In total, BYD’s stock is now down about 30% on its peak in May.

Company executives have called for calm, with an unnamed insider telling the 21CN Business Herald last week that there was “no need to over-interpret” the share sales. It’s also the case that Berkshire has only trimmed its position – selling less than 10% of its 225 million shareholding. That hasn’t stopped the speculation about why Buffett wants to reduce his position at a time when BYD has emerged as China’s largest maker of electric cars with a share approaching 30% of the market.

Indeed, the company has just reported record profits of Rmb3.5 billion ($500 million) for the first half of the year, more than triple the levels of a year earlier, and there were further celebrations this week when it leapfrogged South Korea’s LG Energy in battery sales, trailing only local rival CATL in market share as demand for clean cars goes mainstream.

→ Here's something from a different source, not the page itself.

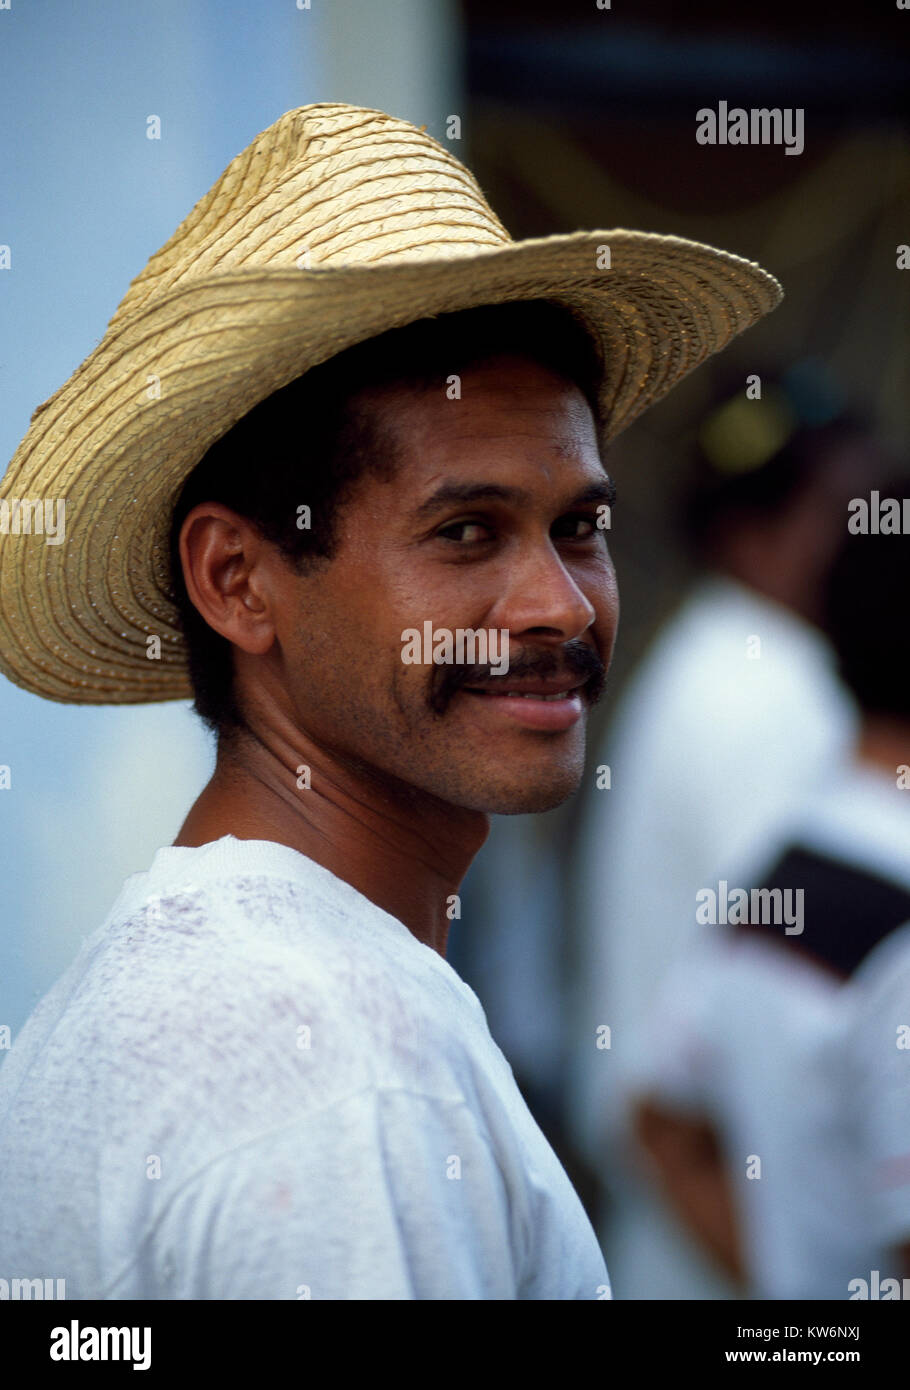 Young man in Guantanamo,Cuba Stock Photo

The surge in BYD’s share price had been impressive, with its stock jumping 31% last year and a massive 423% in 2020. Berkshire’s long-term gains on the stock are even more fantastic. But of course, in this kind of context BYD may simply be a victim of its own success, with Berkshire deciding that it is time to reinvest its profits in more attractive opportunities.

“Berkshire has benefited greatly from what BYD’s done – they’ve made wonderful money,” Cole Smead at investment firm Smead Capital Management told Bloomberg of Buffett’s decision to trim his position. “He’s watched it grow and now based on the price the open market is giving right now, he’s saying: I’m willing to take money off the table to go elsewhere.”

There could be other reasons for caution, analysts claim. One concern is that the company hasn’t been able to absorb higher materials costs in price hikes for its vehicles, with gross profit margins in the automotive segment showing a meaningful decline. The fear is also that margins could shrink again as BYD broadens its sales push into markets outside China, where it is yet to make significant progress.

Another warning is that the costs of manufacturing BYD’s batteries are notably higher than those of its main rival CATL, even though some believe that BYD’s battery design is better positioned to meet longer-term demand.

A pullback in state subsidies for purchases of new energy vehicles in its home market could constrain profits in the nearer future as well – another concern when the company benefited from more than Rmb5 billion in subsidies last year.

Other commentators are convinced that BYD is superbly positioned as the rest of the market starts to transition to new energy vehicles. They praise the vertical integration across BYD’s business model, which has helped it to boost production at a time when competitors have been scrabbling for parts and supplies. And they have also nicknamed the company as the “Huawei of autos” for the way that its business covers consumer products, key components and emerging technologies. More riches await, they hope, even if Buffett isn’t around to share them.